Female neuroscientist in the United States

Serena M. Dudek (born 1964; Anaheim, California), is an American neuroscientist known for her work on long-term depression and synaptic plasticity in the CA2 region of the hippocampus.

== Early life and education==
Dudek's father was an English professor at Fullerton College, and her mother was a clinical cytologist and medical technologist. In high school, she worked at Knott's Berry Farm, selling ice cream and popcorn. She was also on the drill team at Savanna High School.

In 1982, Serena Dudek matriculated into the University of California, Irvine. Dudek worked as an undergraduate researcher in the lab of Gary Lynch, studying the degradation of brain spectrin, also known as fodrin, by calpains.

Serena Dudek enrolled a Ph.D. program at Brown University where she joined Mark Bear's lab to study long-term depression in a collaboration with Leon Cooper. Her work was used to support the BCM theory. She finished her Ph.D. studies in 1992.

== Career==
After receiving her doctorate, Dudek did post-doctoral work at the University of Alabama at Birmingham. and with the National Institute of Child Health and Human Development. In 2001, Dudek started working at the NIEHS, where she is now a Senior Investigator. Within the NIEHS, she is currently the Acting Chief of the Neurobiology Laboratory, as well as the head of the Synaptic and Developmental Plasticity Group.

=== Publications ===
On August 26, 2007 with the Duke University Medical Center, Dudek et al published a paper on their research on brain proteins in mice related to Obsessive-compulsive disorder (OCD). The SAPAP3 protein plays a crucial role in nerve signals traveling to another across the synapse within the striatum. Additional gene mutations that are mirrored in humans are hypothesized to play a role within OCD in humans too.
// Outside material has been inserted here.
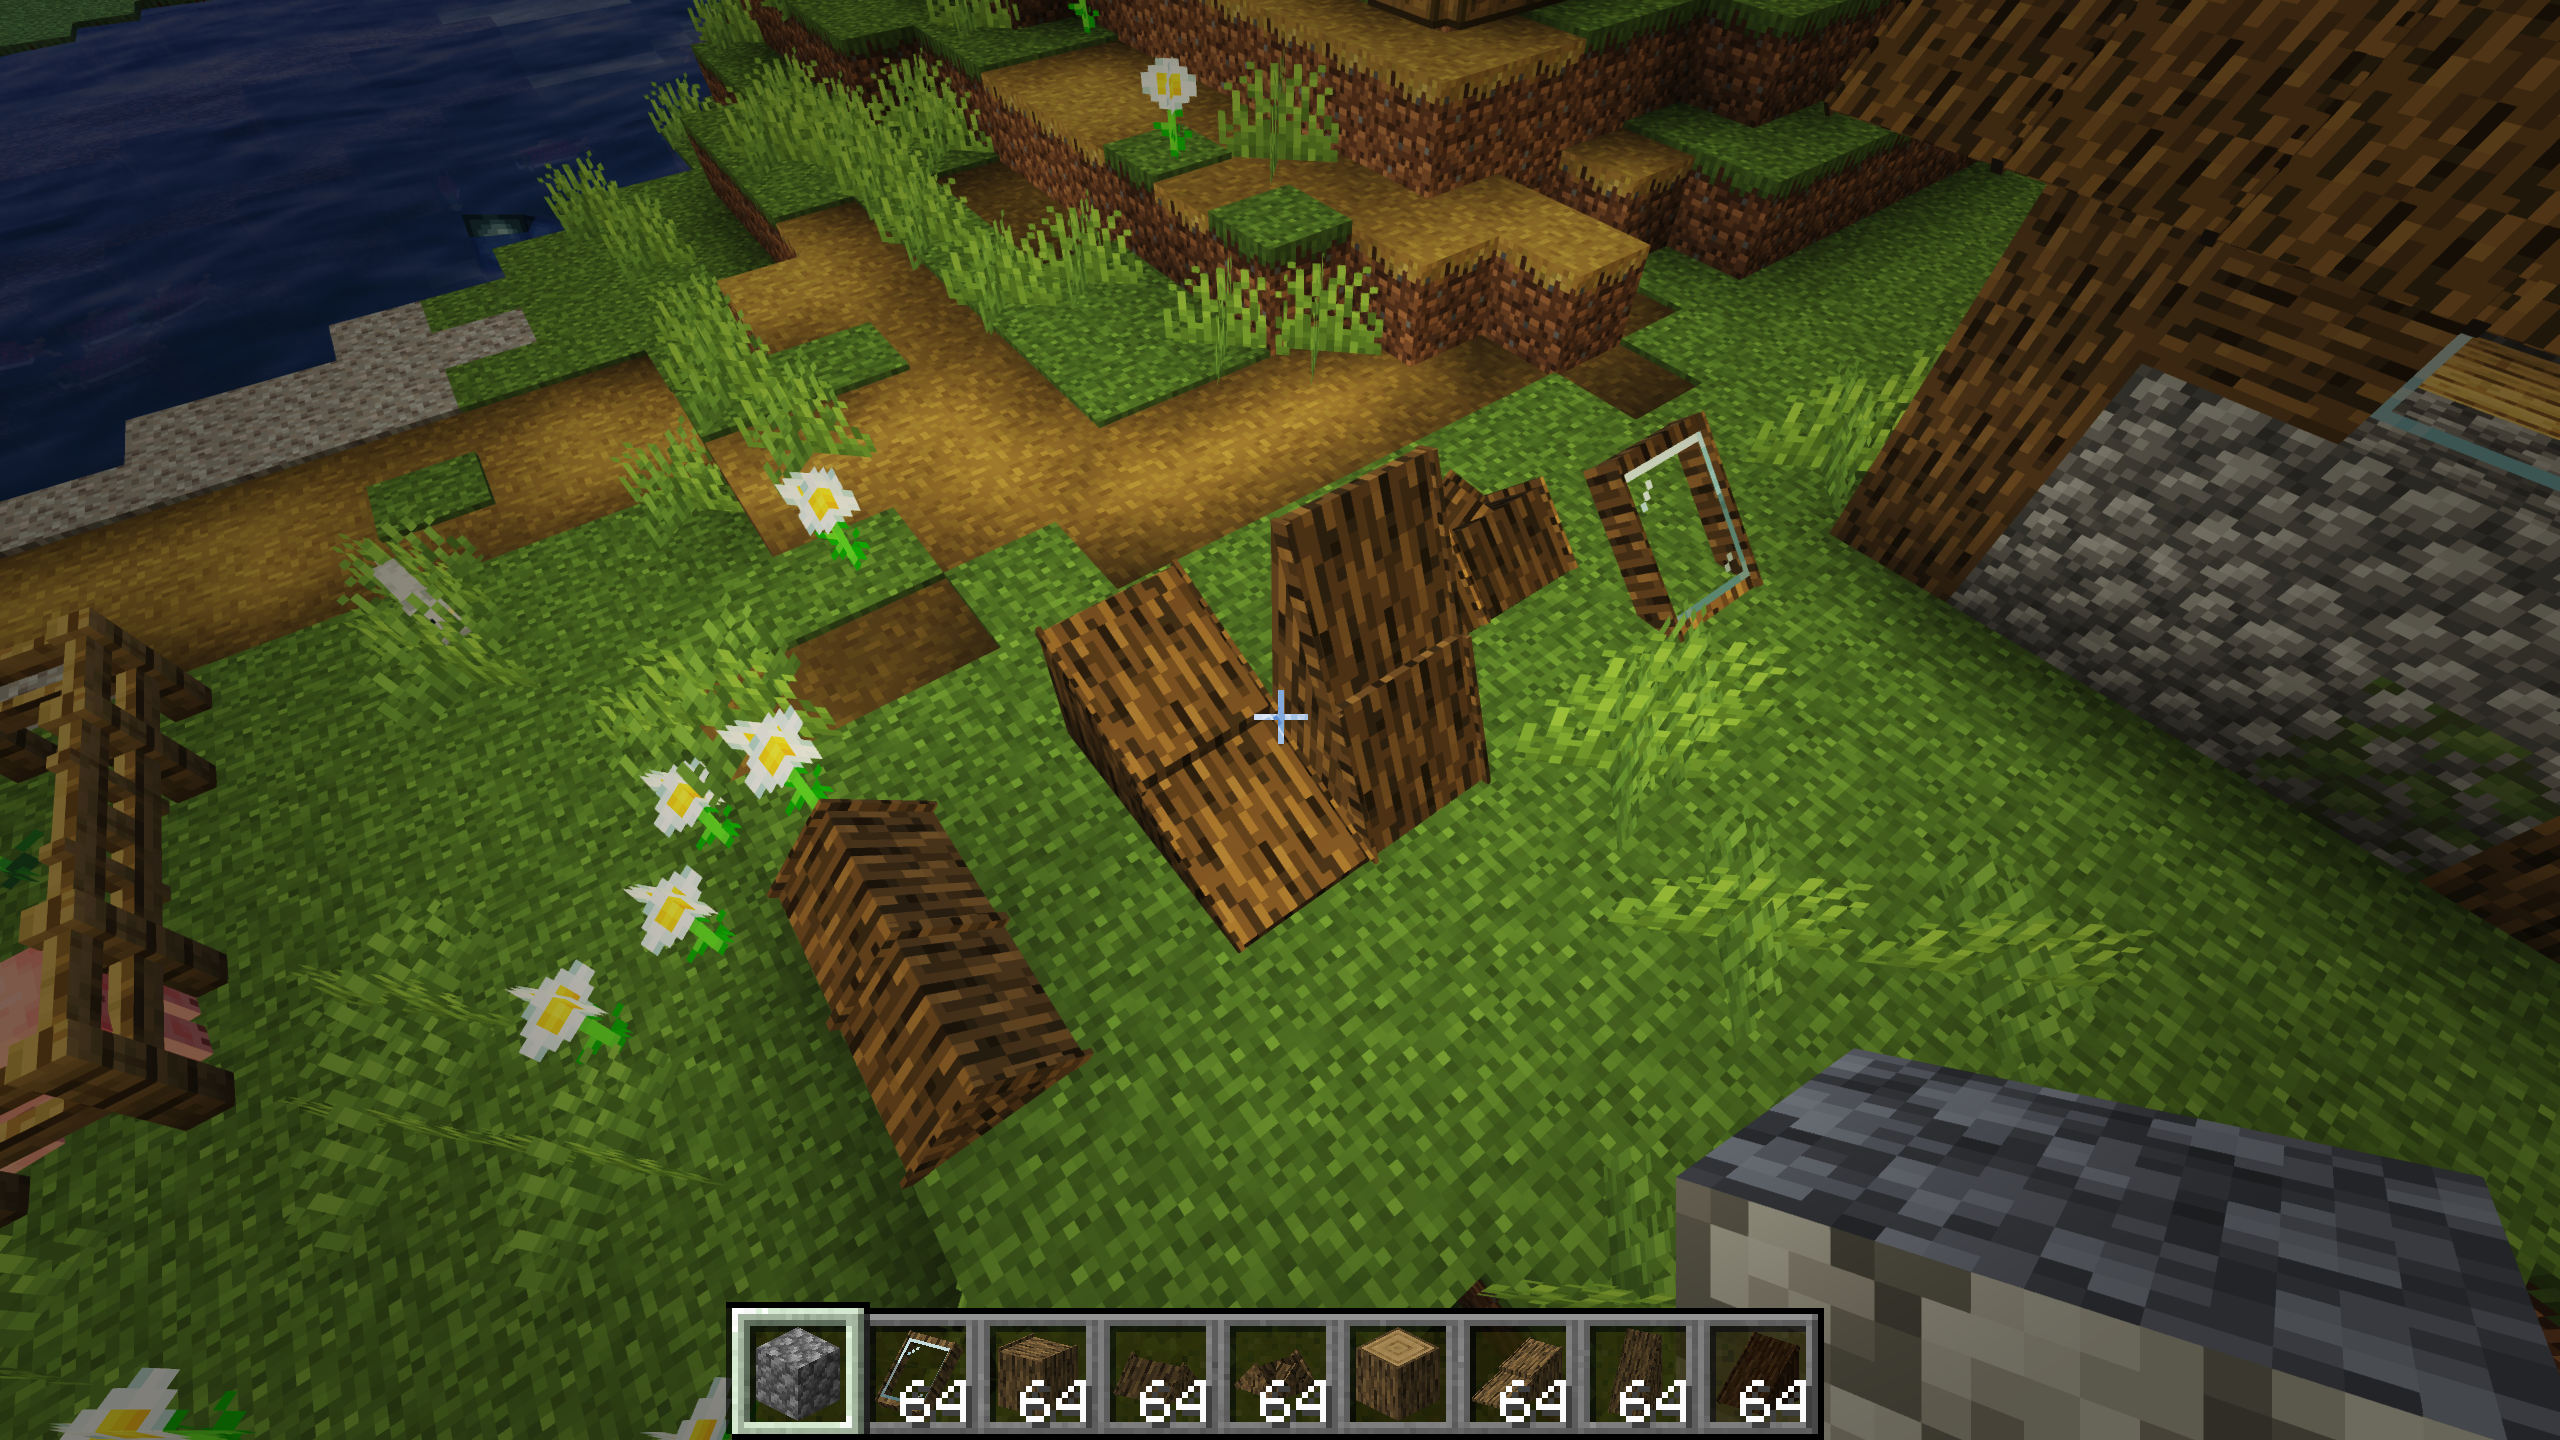 Мод на крышу «Macaw's Roofs» - скриншот 2

On September 19, 2010 Dudek et al published a paper titled "Gene limits learning and memory in mice" which studied the effect of a specific gene deletion on cognitive performance in mice.
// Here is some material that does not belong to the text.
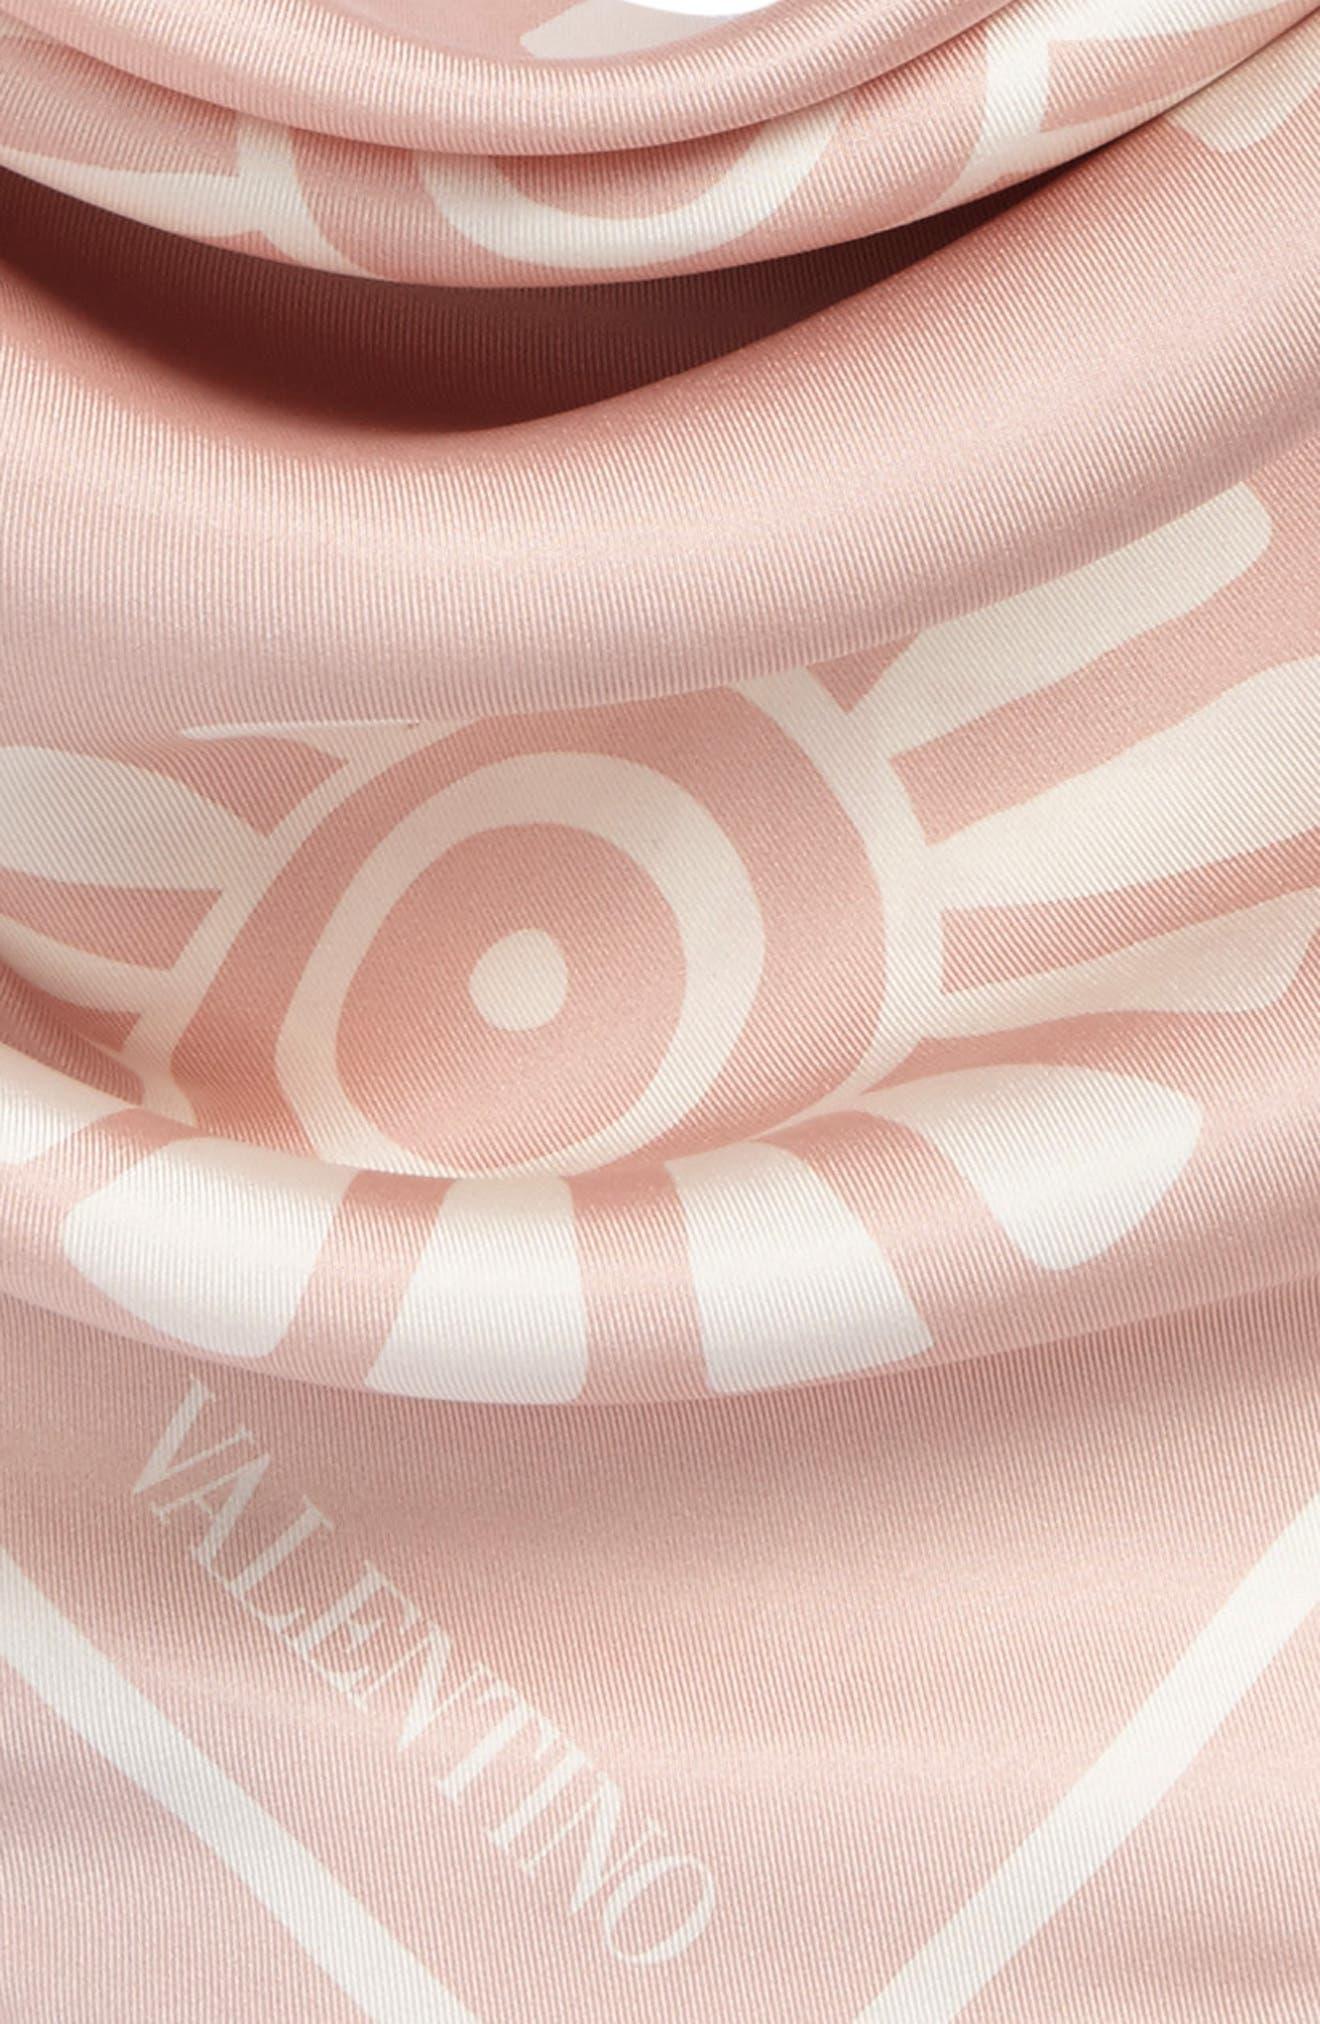 GARAVANI Medallion Print Square Silk Scarf,                             Alternate thumbnail 3, color,                             0Lz Rose Mist

On November 12, 2024 Dudek et al. published her book titled, "Transcriptional Regulation by Neuronal Activity." ed. 2. Within this book, Dudek seeks to introduce major advancements in the neuroscience field, beginning from the end of her first edition book, regarding the regulation of gene transcription by neurological activities. Such activities can include "neural development and the refinement of neuronal connections to learning response to injury."

=== News articles ===
In a Newsweek article called "Buff Your Brain" Serena Dudek and her colleagues' 2011 research on the effects of caffeine in lab rodents was highlighted. Serena Dudek's research found that rats that were given an equivalent shot of two cups of coffee had stronger electrical activity between neurons in their hippocampus area called CA2.

In Laboratory News article named "Doh! Losing ‘Homer Simpson’ gene makes mice smart," Dudek was cited for her study on electrical currents on mice. The article highlights how mice with the disabled "Homer Simpson" gene were able to have stronger neuron connections in the hippocampus area called CA2.

In Scientific American Article titled "Knocking Out a 'Dumb' Gene Boosts Memory in Mice", Dudek rationalizes why we would have a "dumb" gene, explaining that, "If the gene is conserved by natural selection, there must be some reason. Intuitively, it seems there should be a downside to having this gene knocked out, but we haven’t found it so far. It may be that these mice are hallucinating, and you just can’t tell."

In an article titled "Coffee for your thoughts: New study suggests caffeine can help learning, memory" from the Columbia Chronicle, Dudek discussed her work on the CA2 region of the hippocampus. She discusses her work in which she observed the CA2 region in rats after administering caffeine. Her team then removed and observed the rat brains and found that caffeine improved synaptic strength in the CA2 region of the brain.

An article from The Pilot entitled, "UNC Pembroke Professor, Biotech Center Team Identify Dementia-Related Brain Alterations due to Military Blasts", Dudek and other researchers are cited on their work concerning the neurological effects from explosive blasts.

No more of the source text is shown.